Copying rule for the data below: take the line containing "Especie invasora denominada" and every line after it to the end, exactly, and drop all pictures.

* [DATA EXTRACT]
○ ○ ○ ○ ○
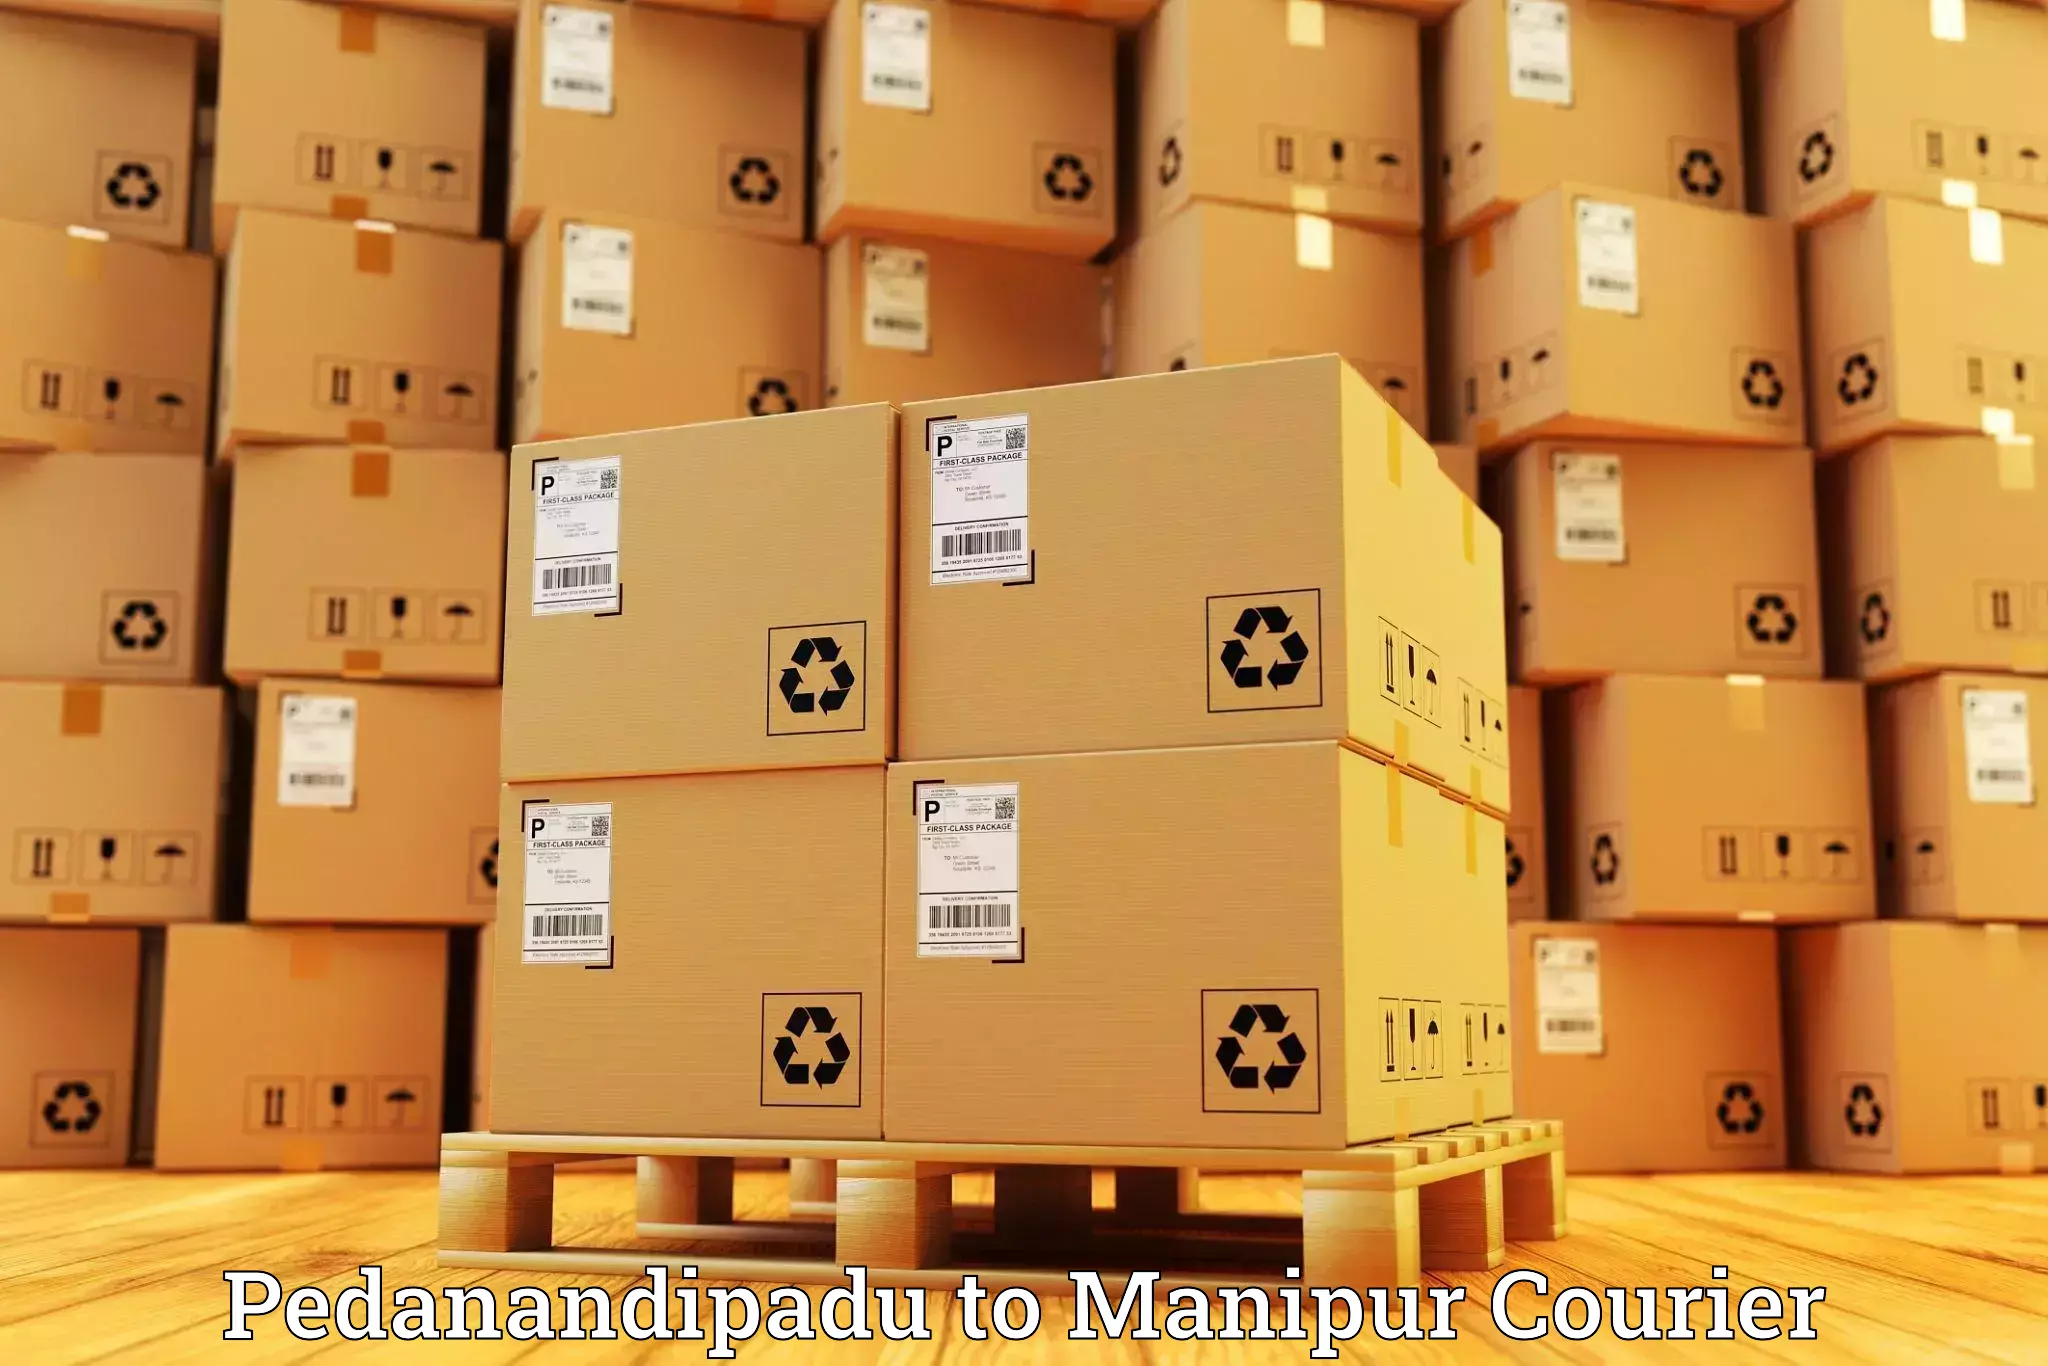 Round-the-clock parcel delivery Pedanandipadu to Churachandpur
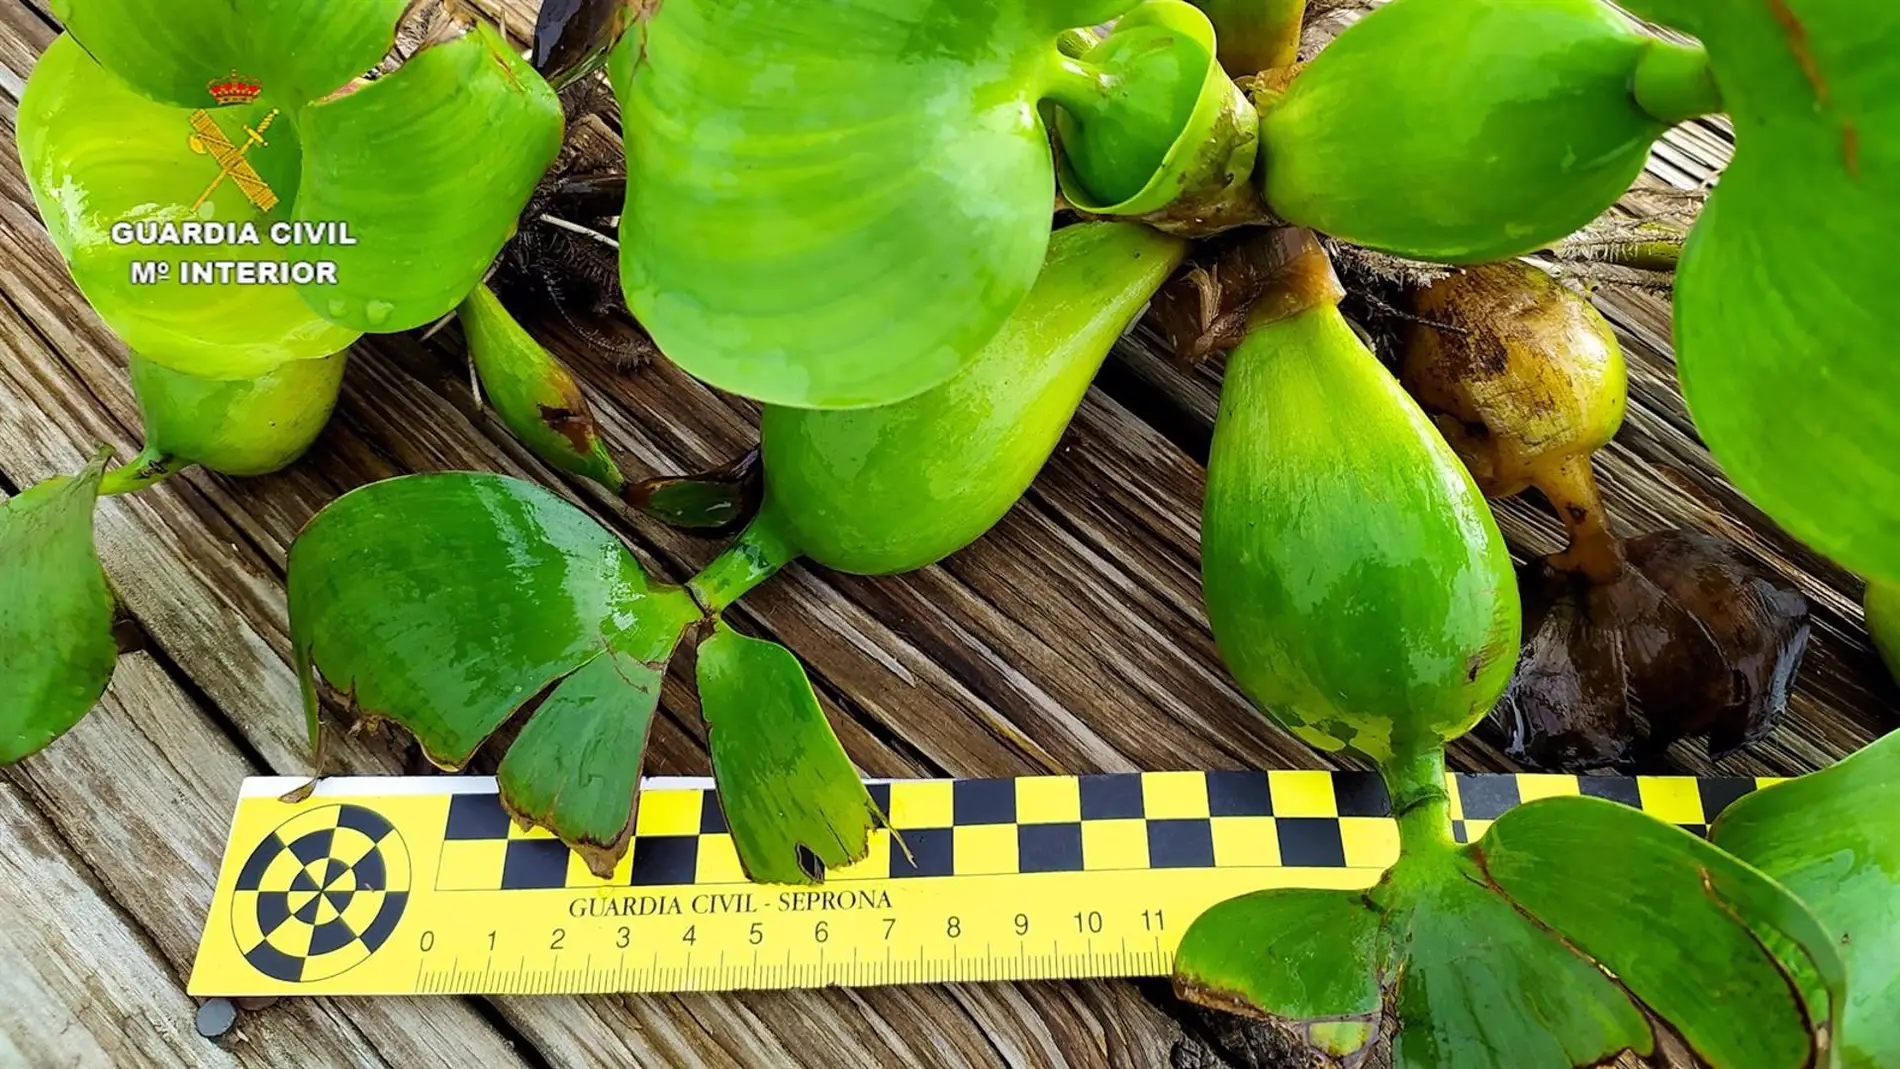 Especie invasora denominada jacinto de agua o camalote hallada por primera vez en la dársena del río Guadalquivir
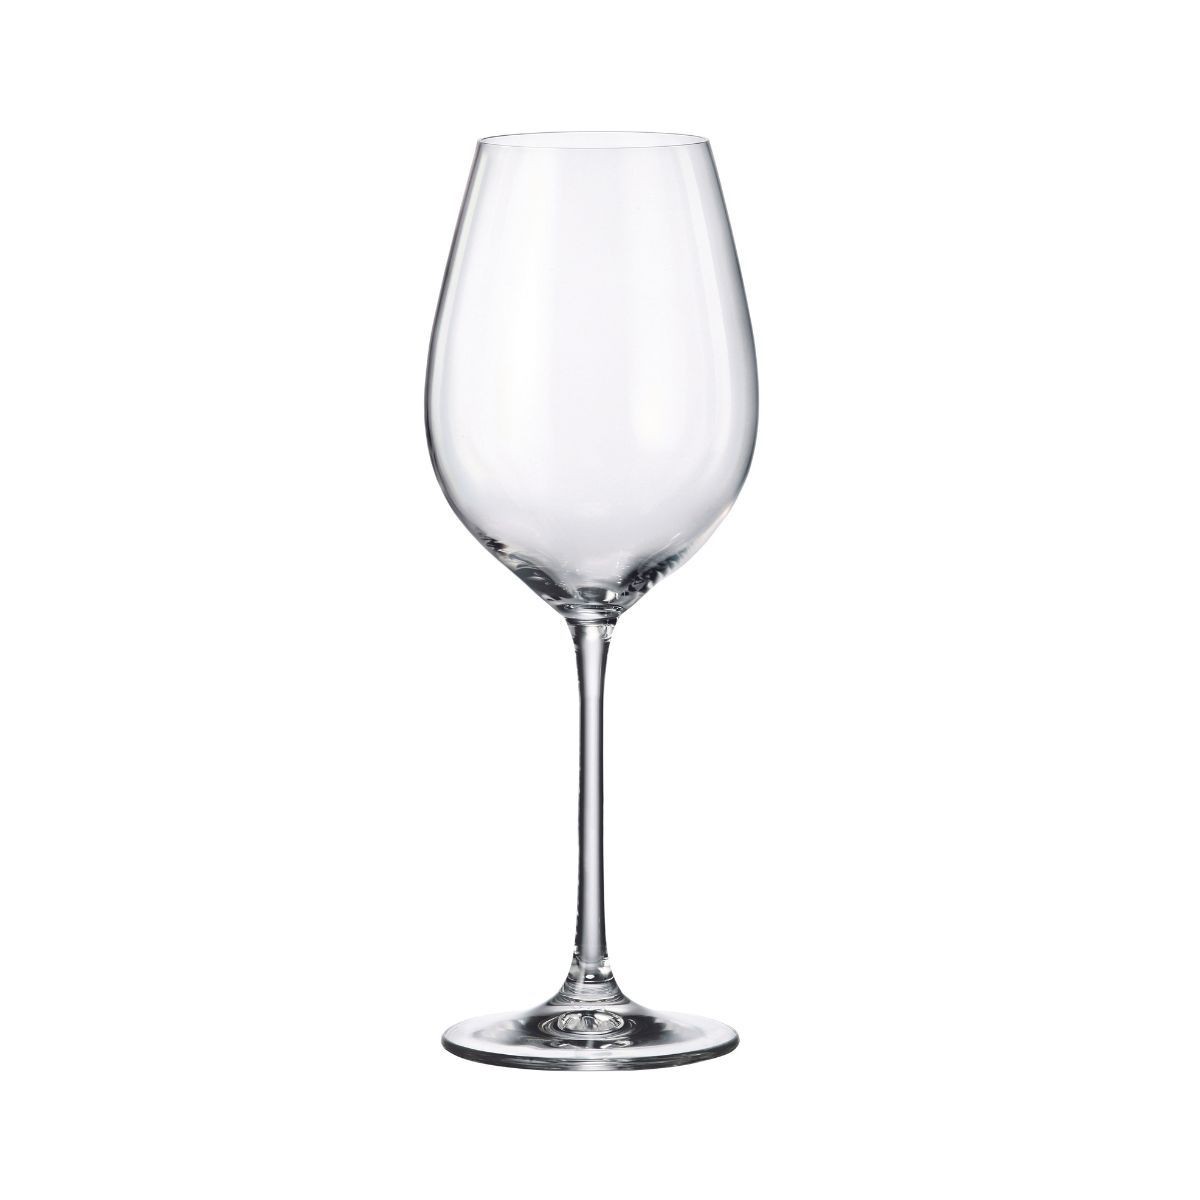 Set de 6 pahare pentru vin rosu, transparent, din cristal de Bohemia, 520 ml, Verona Red Wine
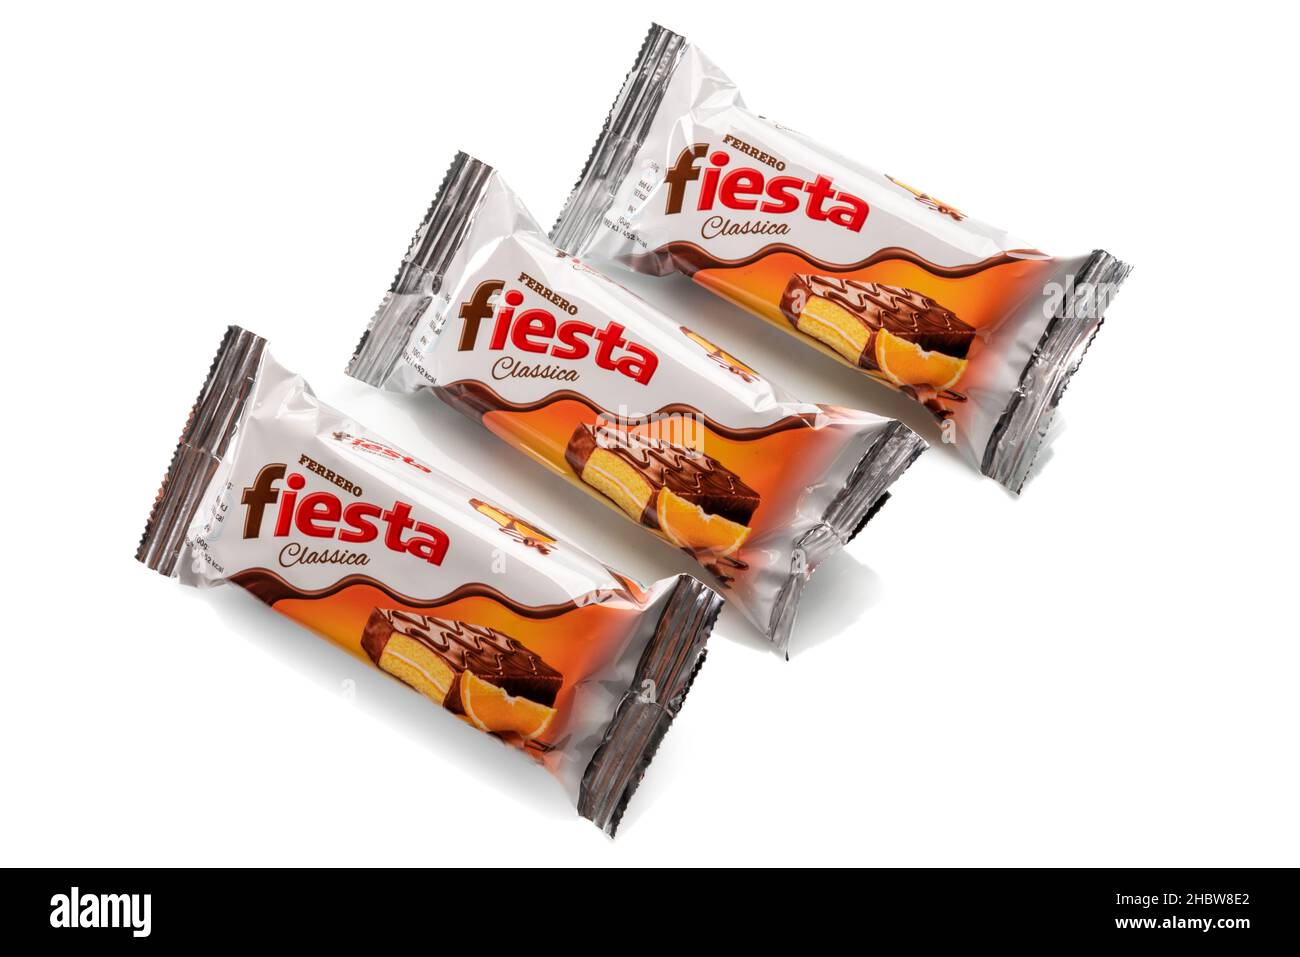 Alba, Italien - 21. Dezember 2021: Fiesta Ferrero Schokoladenjause für Kinder. Drei Packungen auf Weiß isoliert. Ferrero ist weltberühmte Süßwarenfabrik Stockfoto
○ ○ ○ ○ ○
* [RESPONSE AREA]
 Especie invasora denominada jacinto de agua o camalote hallada por primera vez en la dársena del río Guadalquivir
 Set de 6 pahare pentru vin rosu, transparent, din cristal de Bohemia, 520 ml, Verona Red Wine
 Alba, Italien - 21. Dezember 2021: Fiesta Ferrero Schokoladenjause für Kinder. Drei Packungen auf Weiß isoliert. Ferrero ist weltberühmte Süßwarenfabrik Stockfoto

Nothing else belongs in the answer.